1904 musical by George M. Cohan

Little Johnny Jones is a musical by George M. Cohan. The show introduced Cohan's tunes "Give My Regards to Broadway" and "The Yankee Doodle Boy." The Johnny Jones character was inspired by real-life Hall of Fame jockey Tod Sloan.

==Background==
The show was Cohan's first full-length musical. A famous American jockey, Tod Sloan, had gone to England in 1903 to ride in the Derby for King Edward VII. This gave Cohan the idea for the story. The musical is patriotic in tone and contains a number of quips aimed at European targets, such as, "You think I'd marry an heiress and live off her money? What do you take me for? An Englishman?" and, "French pastry ain't worth 30¢ compared to American apple pie." (30 cents in 1904 is equal to $ today) In Little Johnny Jones, Cohan introduced some of the dance steps and comedy features for which he would become famous.
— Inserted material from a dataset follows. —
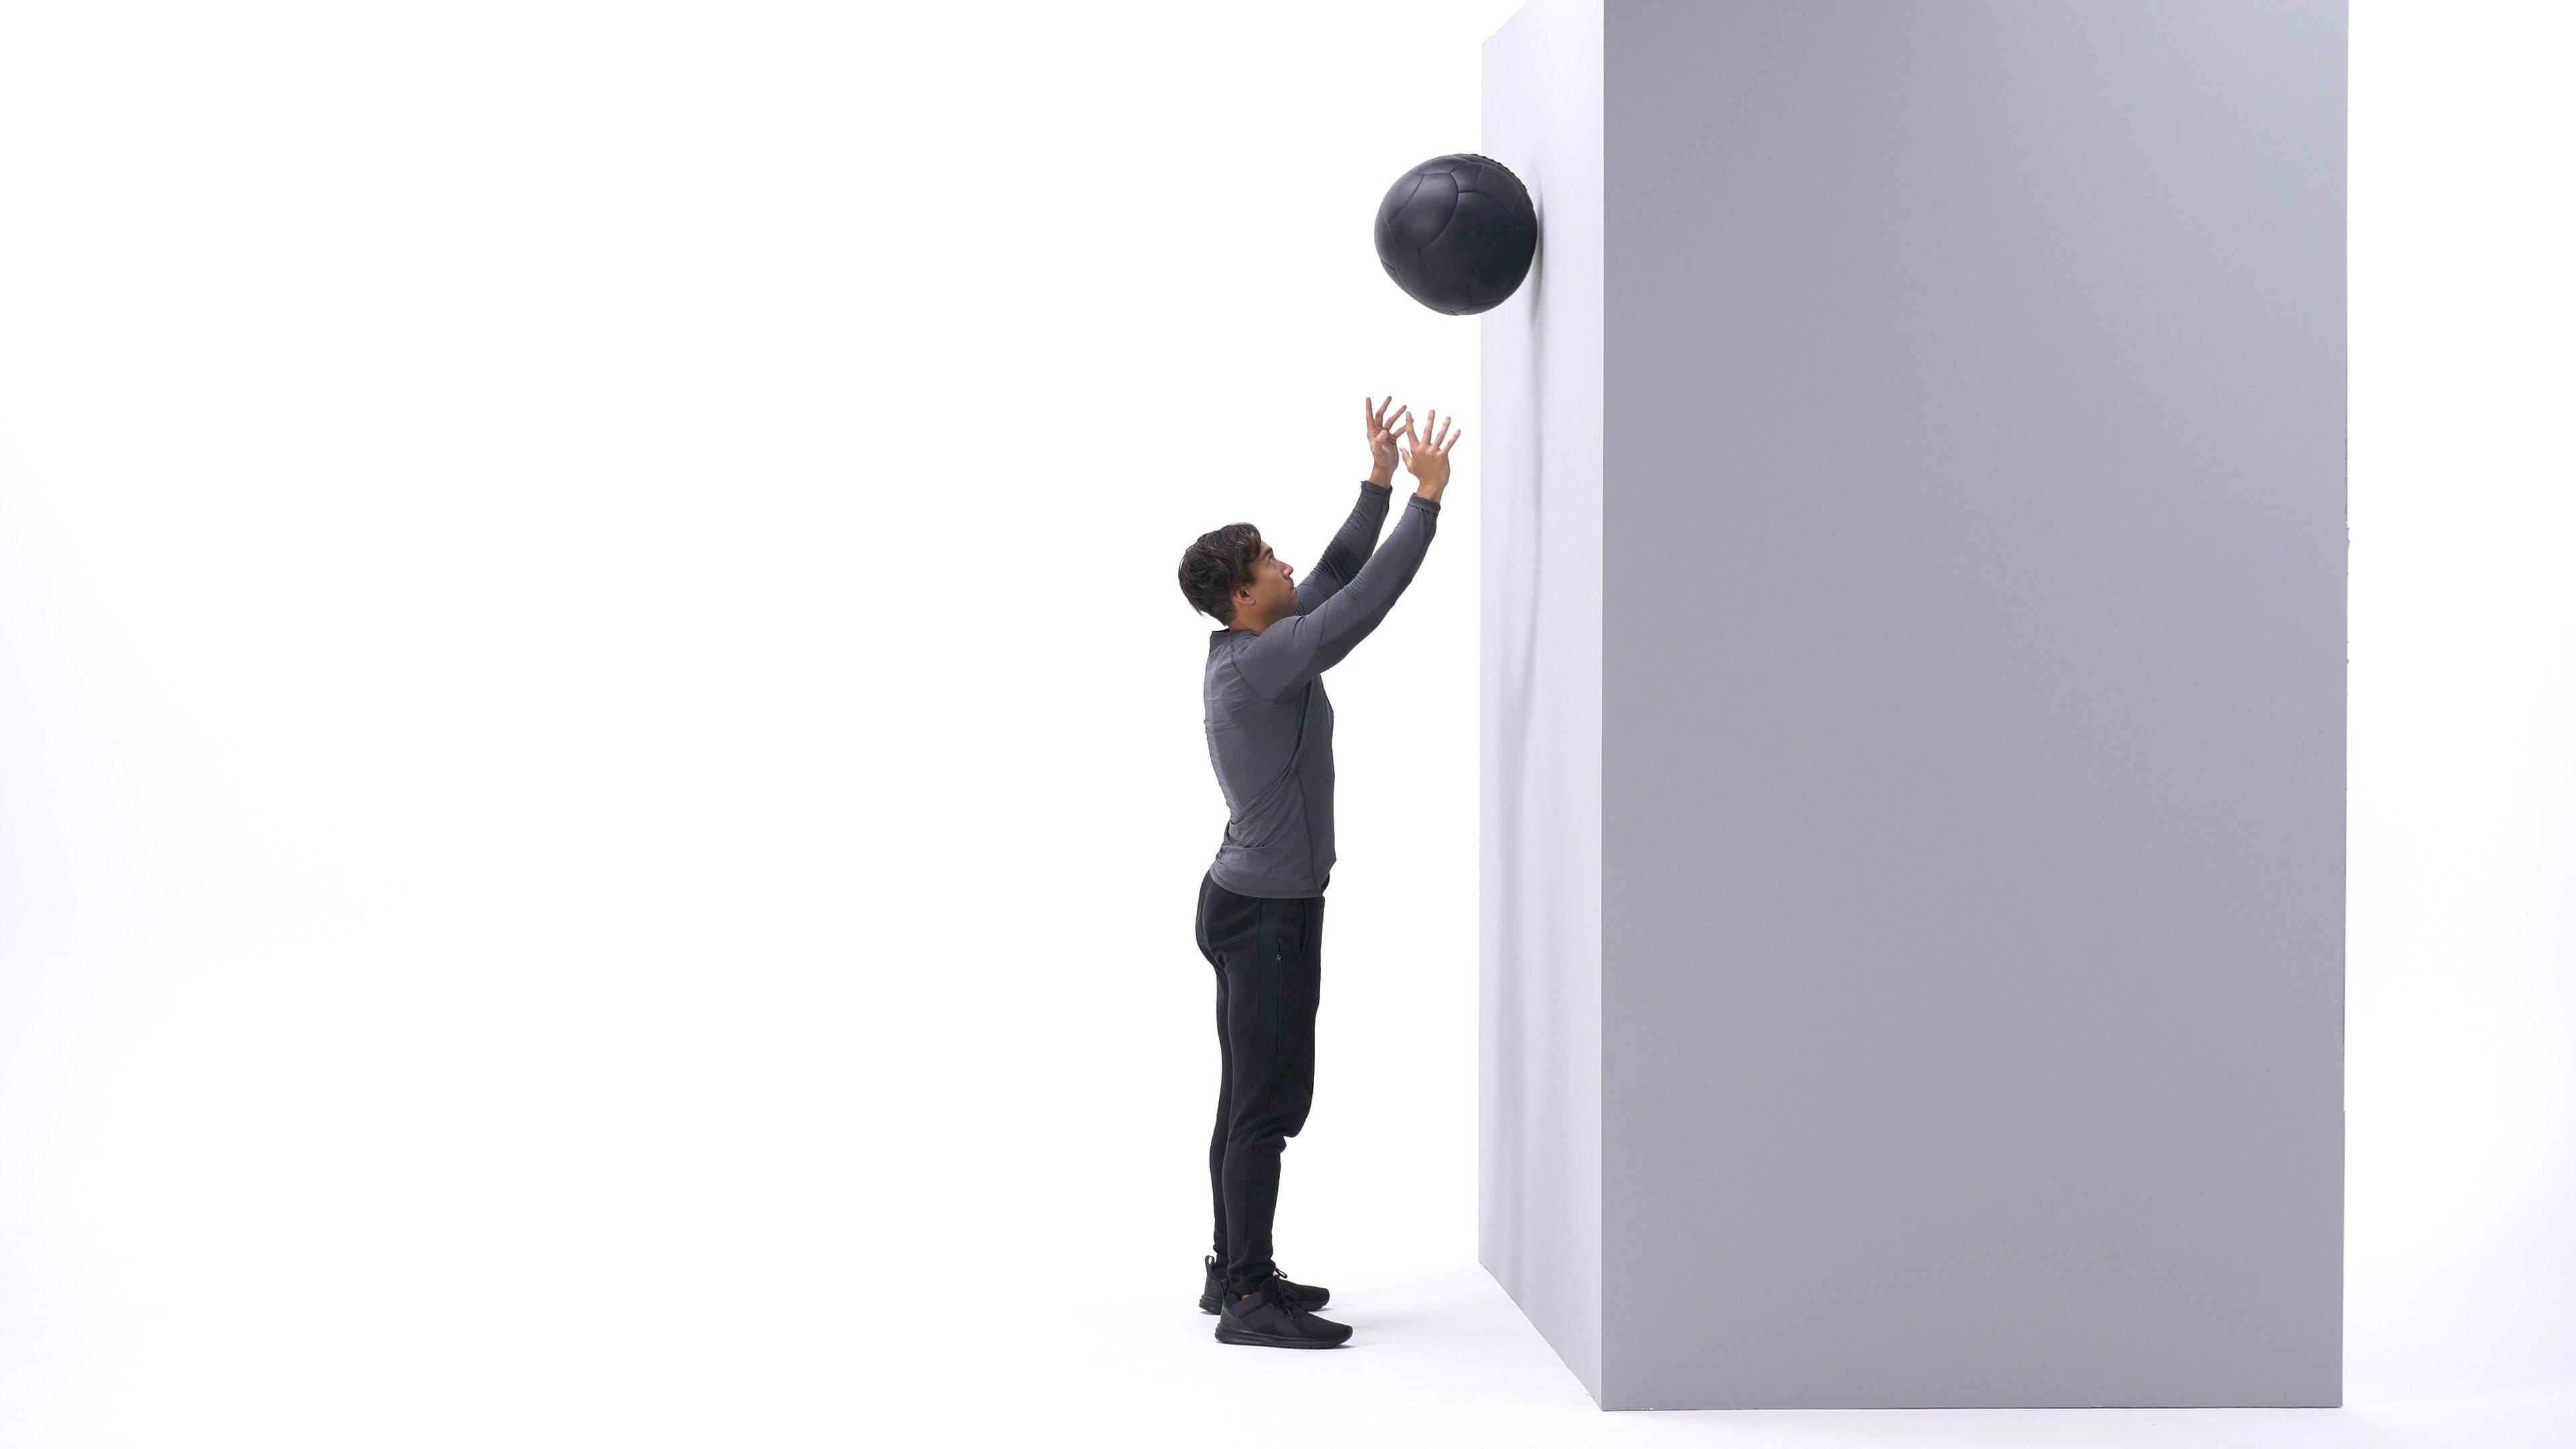 Wall ball toss image

This musical is credited as the first American musical, albeit with several rivals to the title such as The Black Crook and Evangeline.

==Characters==
For clarity, only the principal speaking parts are listed.

Lead
- Goldie Gates is Johnny's American sweetheart, who disguises herself as a French girl and as her own fiance.
- Johnny Jones is an American jockey who travels to England to ride in the Derby.
- Henry Hapgood is a friend of Goldie and Johnny, who helps the former follow the latter.
- Timothy D. McGee is an American ward boss and stable owner, trying to hire Johnny.
- Florabelle Fly is a newspaper reporter for the San Francisco Searcher, who sees all and knows all.
Supporting
- Anthony Anstey is an older crooked gambler from Chinatown, San Francisco, engaged to Mrs Kenworth.
- Mrs. Andrew Kenworth called Annette, is a very wealthy San Francisco widow, aunt to Goldie, a social reformer.
- Whitney Wilson is a comical American detective, hired by Johnny to get the goods on Anstey.
- Sing Song is the editor of the Pekin Gazette, in a secret alliance with Anstey over the Chinese lottery.
- Jenkins is the "starter" at the Cecil Hotel.
- Capt. Squirvey is master of the American line SS St. Hurrah, a bewhiskered fan of Gilbert & Sullivan.
Featured
- Bessie is an American girl visiting England with other girls. The published play refers to her as "First Girl".
- Bellboy takes and delivers messages at the Cecil Hotel.
- Inspector Perkins is looking for the fake Earl of Bloomsbury but switches sides upon recognizing Wilson.
- Stevens is a waiter at the Cecil Hotel.
- Chung Fow is Sing Song's henchman, who is ordered to kidnap Goldie Gates, but doesn't.

==Synopsis==
Settings: Act I - Courtyard of Cecil Hotel, London; Act II - American Line dock at Southampton; Act III - Chinatown, San Francisco

A brash, patriotic American jockey, Johnny Jones, goes to England to ride his horse, Yankee Doodle, in the English Derby. Jones falls in love with Goldie Gates, a San Francisco copper heiress, who follows him to Britain, disguising herself as a man to discover if Jones really loves her. Anthony Anstey, an American who runs a Chinese gambling establishment in San Francisco, offers Jones a bribe to lose the race deliberately, but he refuses. After Jones loses, Anstey spreads rumors that he threw the race intentionally. Jones' detective, pretending to be a drunkard, searches for evidence to clear Johnny's name and finds out that it was Anstey that framed Jones. Jones tells his friends who are returning to America, "Give My Regards to Broadway," but he stays in London to try to regain his reputation. Jones returns to America with his name cleared, eager to propose marriage to Goldie, but he finds that Anstey has kidnapped her. He and his detective search for her in San Francisco's Chinatown, eventually finding her.

==Original production==
Little Johnny Jones was produced by Sam H. Harris and directed by George M. Cohan, who also performed in it. Other members of The Four Cohans in the cast were his parents, and his then wife Ethel Levey, who had replaced Cohan's sister Josie in the family act.

===Cast===
Cast lists were not a usual feature of theater reviews in 1904-1905, so the following is dependent on a few exceptions.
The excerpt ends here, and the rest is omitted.